For public health experts there is quite a bit at stake in maintaining the distinction between the “polluted” nicotine that comes in the form of a cigarette, the “therapeutic” nicotine of the patch, and now this shape-shifting, ambiguous nicotine delivered in streams of vapor. E-cigarettes, in many ways, effectively blur the lines between substances of addiction and treatment, medication and recreation, and pleasure and pollution. Tobacco companies are increasingly adopting tactics common to the pharmaceutical industry. E-cigarettes are only the latest in a number of smokeless and reduced harm products that have entered the market, including pouches of tobacco to place in one’s cheek, tobacco drops, and most recently, over the counter therapeutic nicotine gum manufactured by RJ Reynolds, the parent company of Camel brand cigarettes.

The pharmaceuticalization of tobacco implies that products such as e-cigarettes should be used to treat nicotine dependency. This represents a continuation of the shift away from broad level public health interventions to localizing the burden of health management on the individual consumer. As anthropologist Matthew Korhman and others have pointed out, this is an example of corporations using the very health problems that their commodities generate as a market opportunity for selling new harm-reduction products or therapies for newly-medicalized conditions.
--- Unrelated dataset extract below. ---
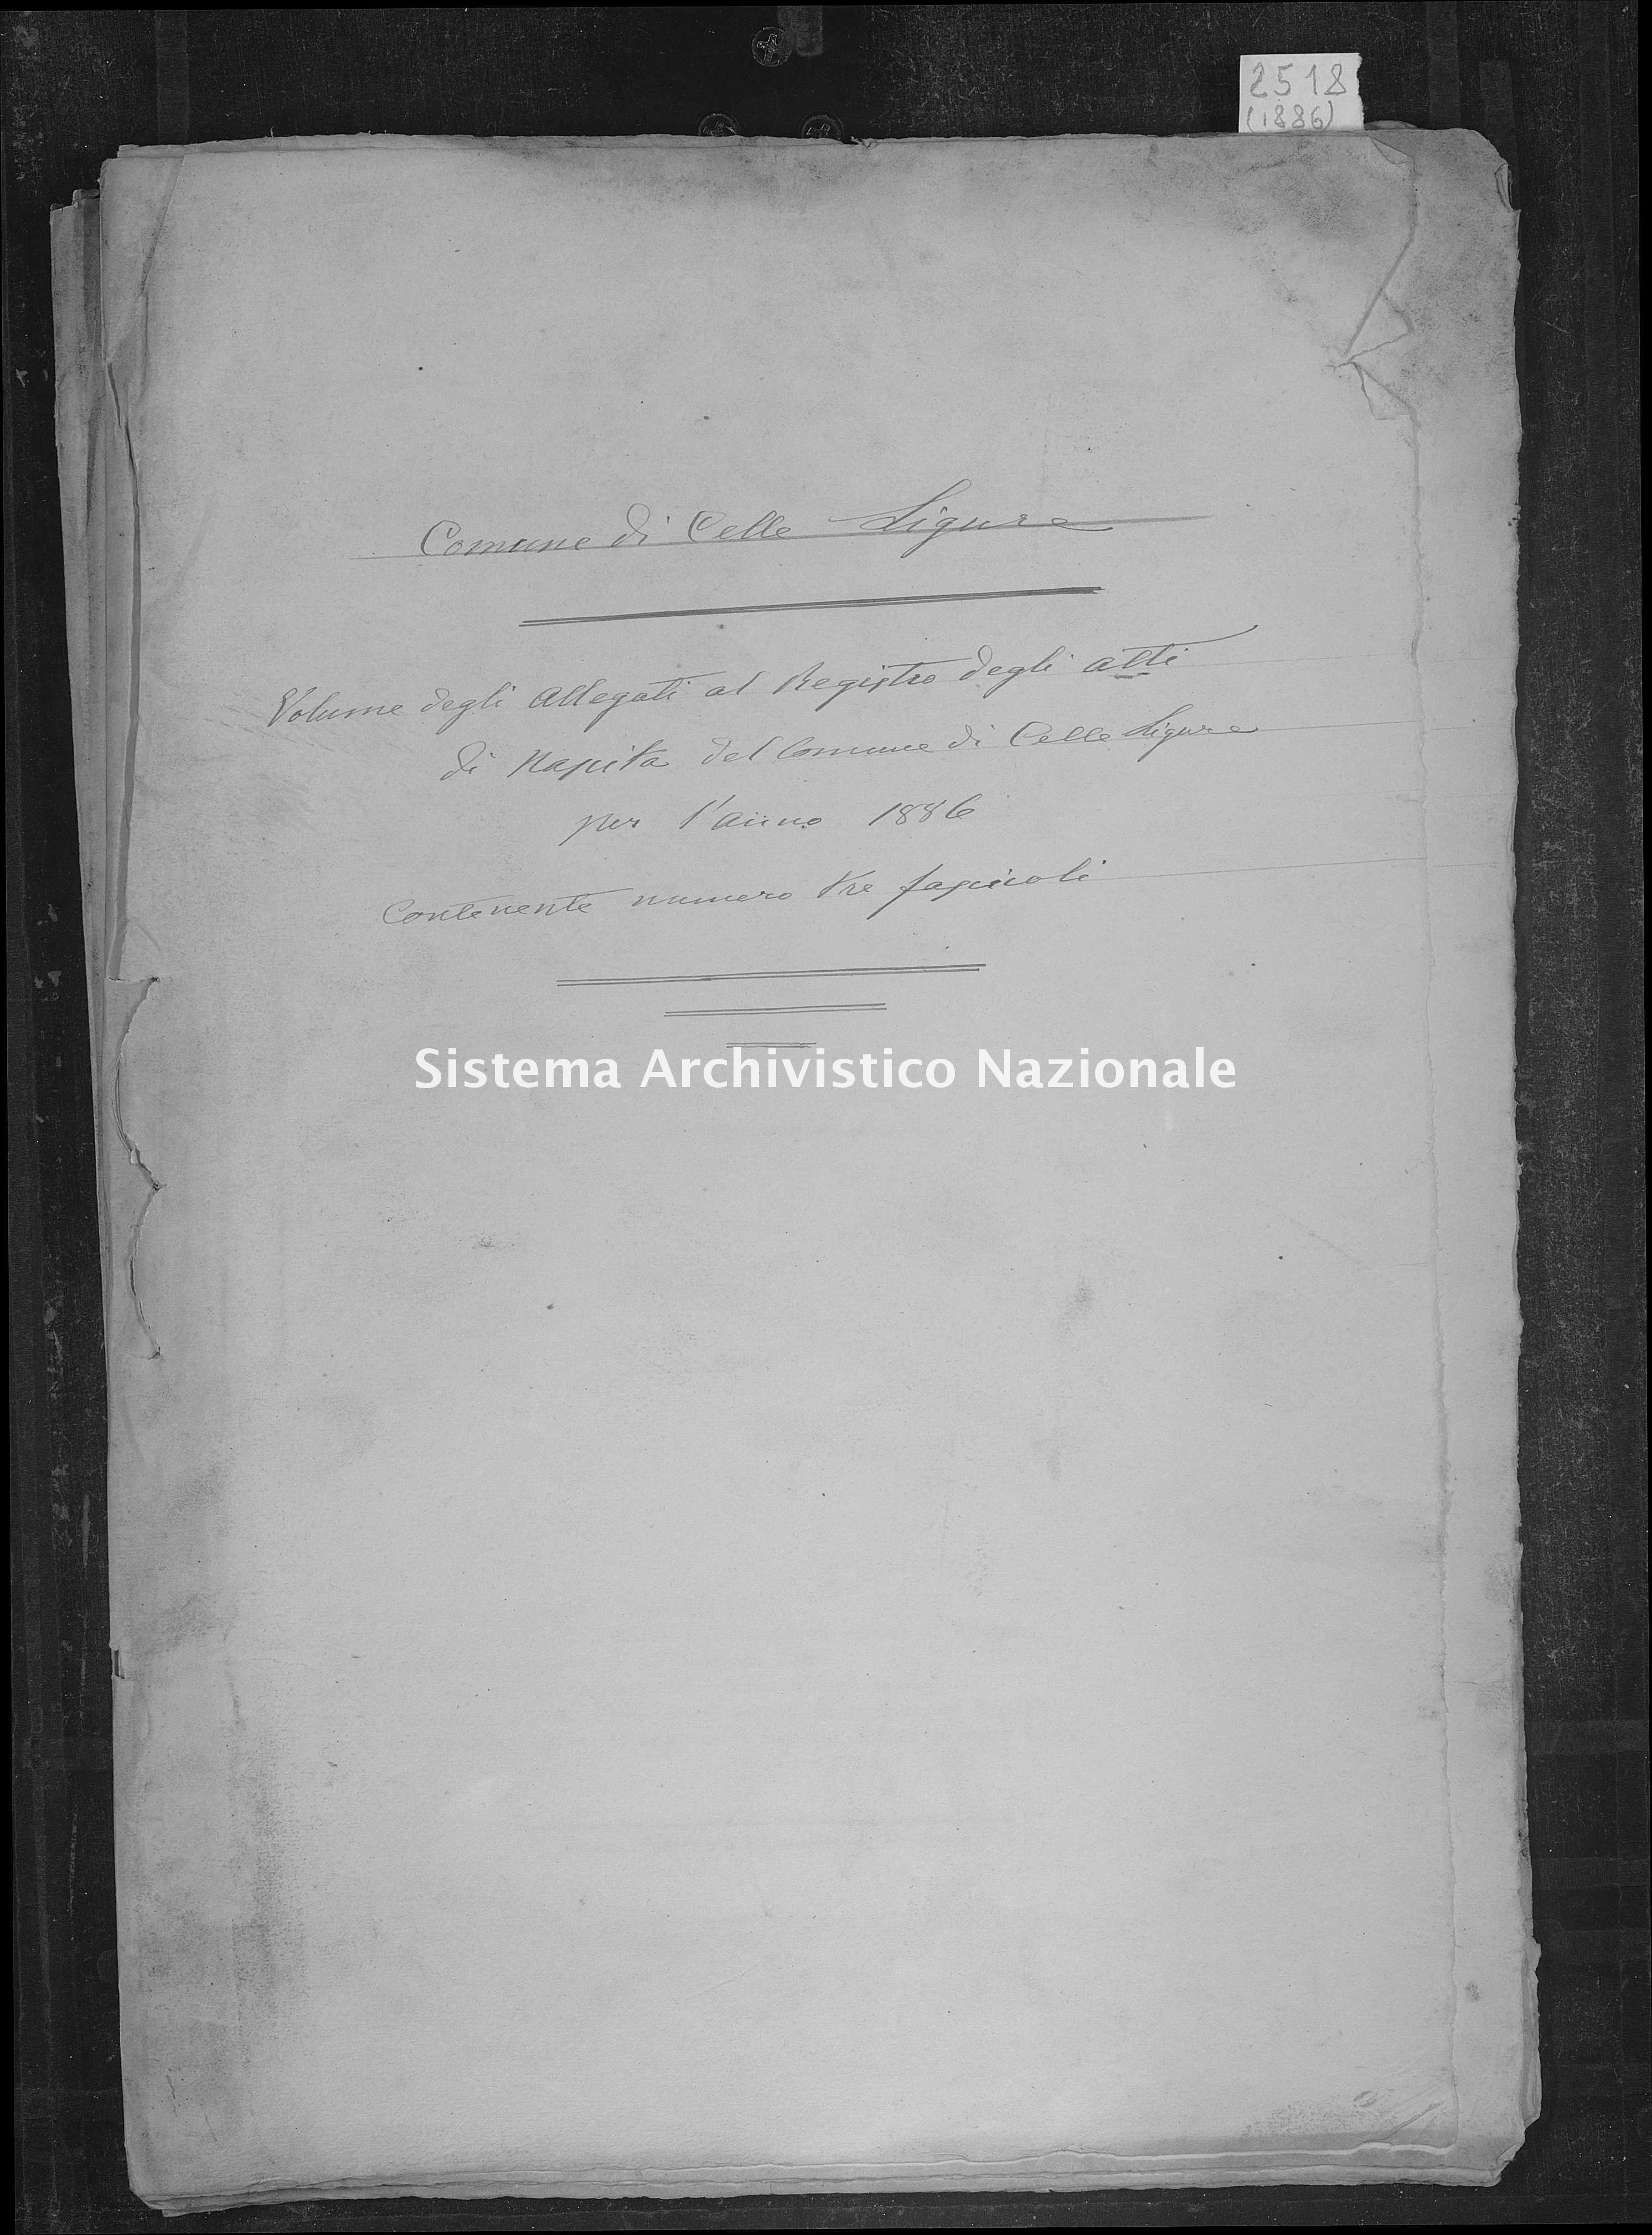 Archivio di stato di Savona - Stato civile - Savona-(Provincia) - Nati-Matrimoni-Morti, allegati - 1886 - 2518 -

In this formulation, the tobacco industry, with a historical record of attempting to deliberately hide the dangers of their products from the public, is reframed as a partner in improving public health.

While there remains little scientific evidence establishing their safety, my research among young adults reveals that e-cigarettes are experienced as a cleaner form of nicotine, vapor understood as a lighter form of smoke, and the futuristic robot cigarette design as evidence of enhanced safety. Until tobacco corporations are compelled to conduct clinical trials investigating the effects of such products, those using electronic cigarettes will remain in the position of serving as the experimental test subjects for such devices, the health effects of which will be discovered through their bodies in decades to come.